Old Mutual PLC has shrugged off nearly 150 years as an almost exclusively South African financial services business, emerging as a major up-and-comer on the international market. Demutualized in 1999, Old Mutual has switched its headquarters to London in order to be able to join the FTSE 100--the company is valued at more than £5 billion ($8 billion) and has more than £134 billion ($214 billion) in assets under its management. In less than five years, Old Mutual has successfully shifted its geographic mix--by 2003 just 60 percent of the group's business came from South Africa, while the United States contributed 30 percent, and the United Kingdom 10 percent. The company intends to continue to re-balance its operations so that its business is divided equally among these three primary markets. Concurrent with its geographic expansion, Old Mutual also has moved to reinvent itself as a major assets gathering and assets management group. In South Africa, the group's operations are based around a core of Old Mutual (South Africa), the largest provider of financial services, including insurance products, in the country; a majority shareholding in the country's leading domestic bank, Nedcor; and Mutual & Federal, a leading South African general insurer. In the United States, the company has gained a position among the industry's top ten by building a multistyle asset management operation through an aggressive, multibillion-dollar acquisition drive.

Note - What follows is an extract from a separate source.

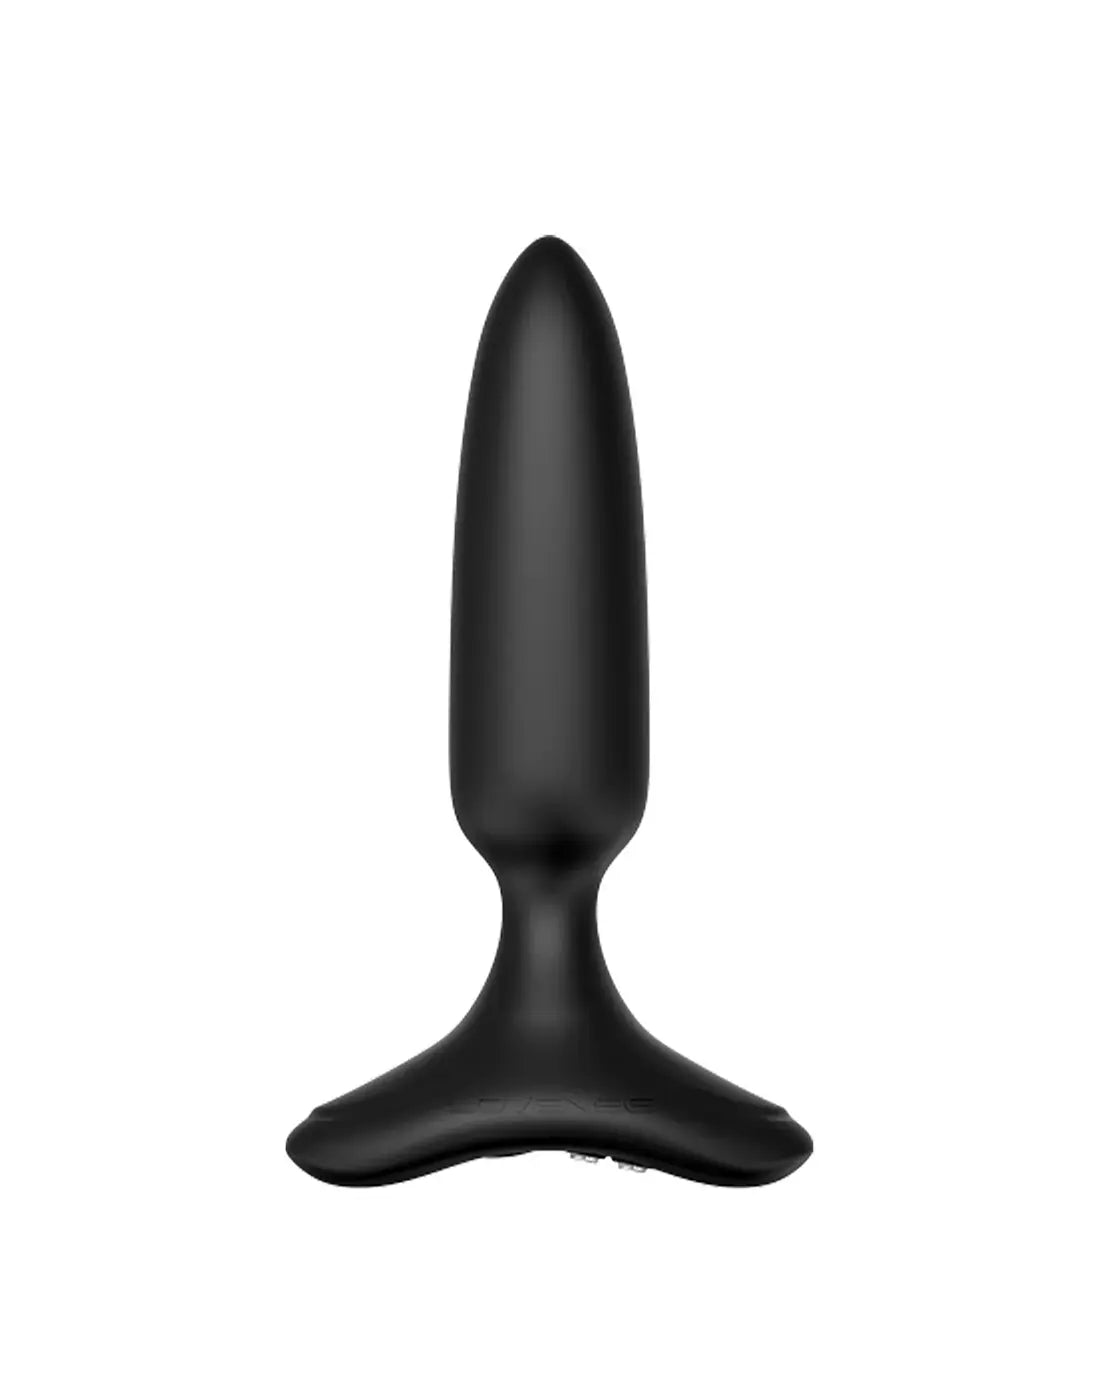 See our Anal Plugs, Butt Plugs and Probes
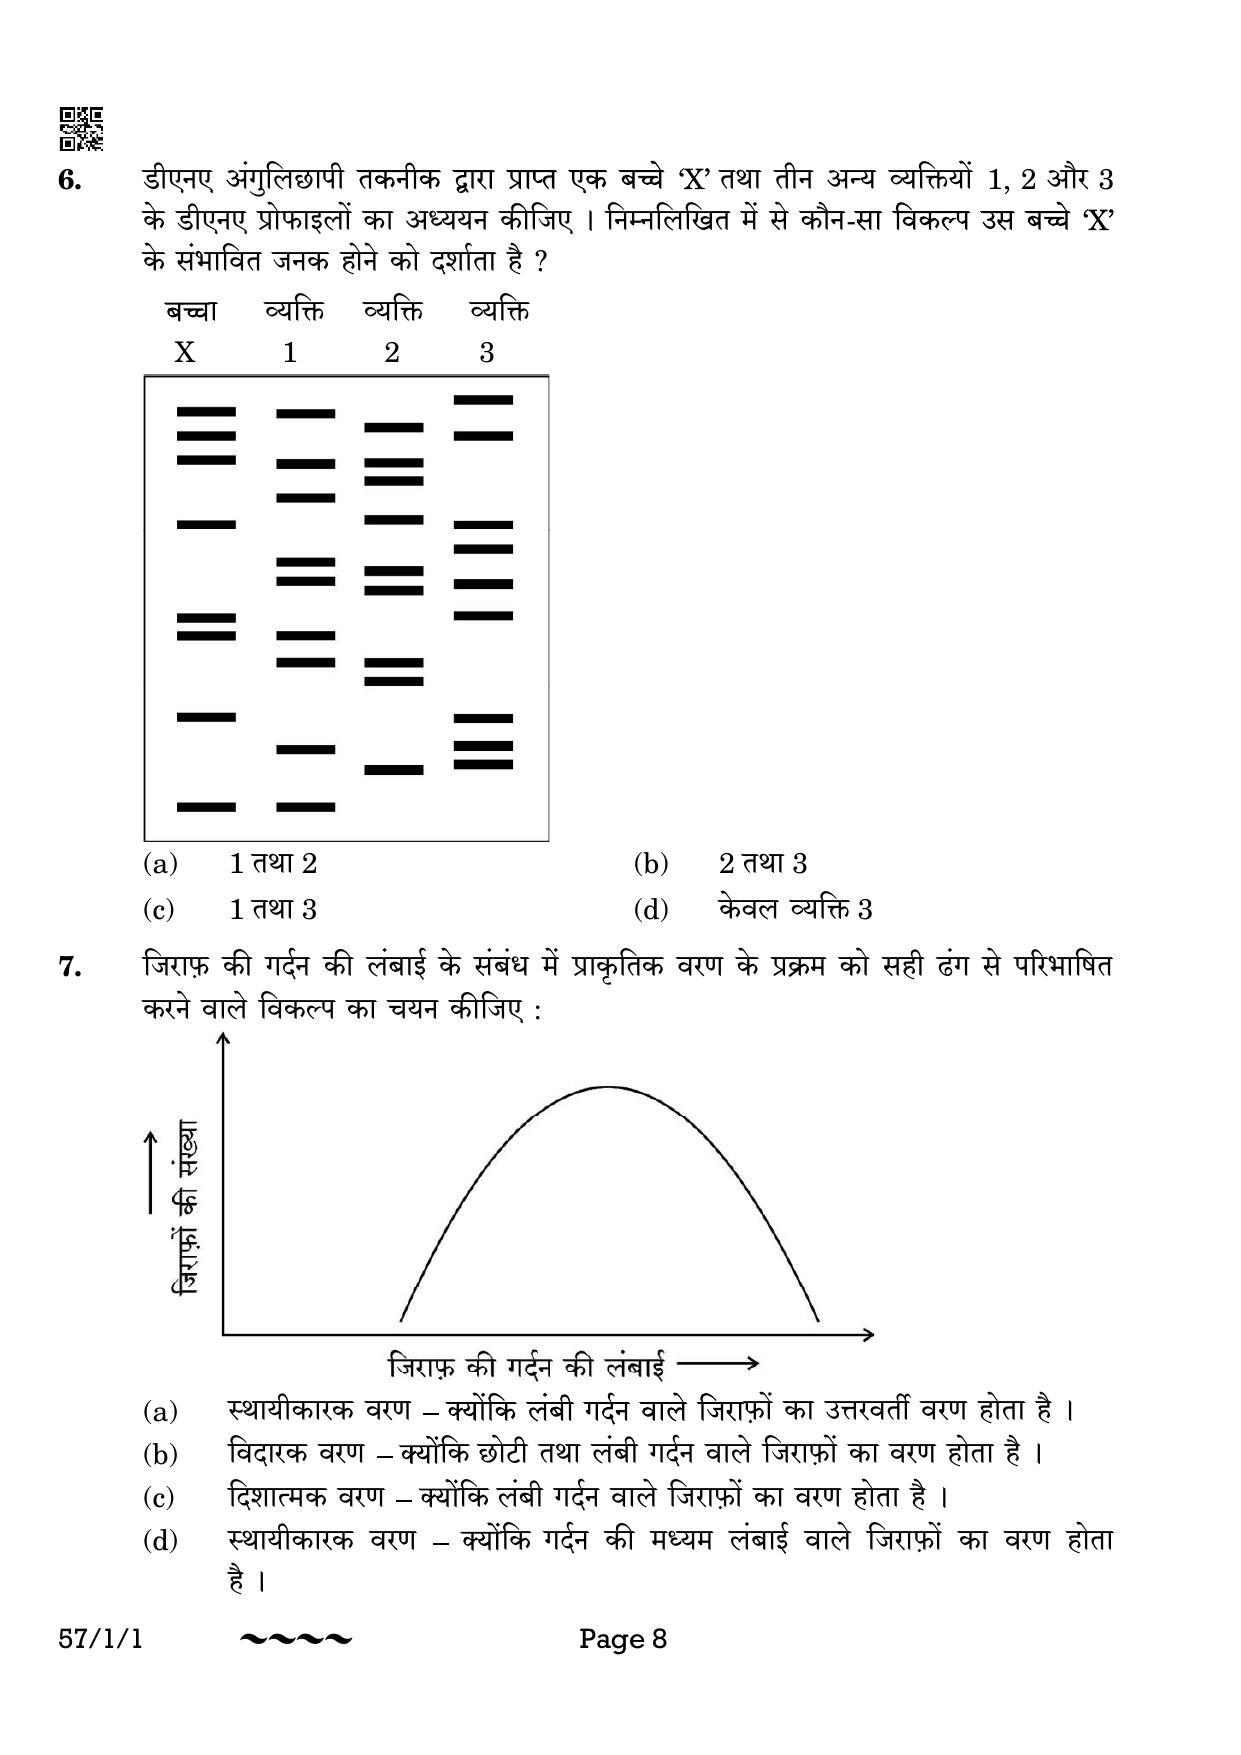 CBSE Class 12 57-1-1 Biology 2023 Question Paper - Page 8

The group's main U.S. operations include US Asset Management, a grouping of 23 affiliated asset management companies; and US Life, which generates more than $4 billion in new business each year. The company's holdings in the United Kingdom, which included Gerrard, a leading private client broking business until its sale in December 2003, are focused around Old Mutual Financial Services, a major U.K. assets management firm. Old Mutual expects to continue its international acquisition campaign into the middle of the decade as it refines the scope and scale of its operation. The company is listed on the London, Johannesburg, and Frankfurt stock exchanges. Old Mutual is led by Chairman Mike Levett and CEO Jim Sutcliffe.
Mutually Exclusive in South Africa in the 19th Century
Old Mutual's origins trace back to the mid-19th century, and the beginnings of the mutual aid movement that had helped transform the British housing market in the United Kingdom. In 1845, a Scotsman, John Fairburn, led a group of 166 members in the formation of South Africa's first mutual aid society, Mutual Life Assurance Society of the Cape of Good Hope. The society's members were also its first customers--and their premiums represented the group's sole capital.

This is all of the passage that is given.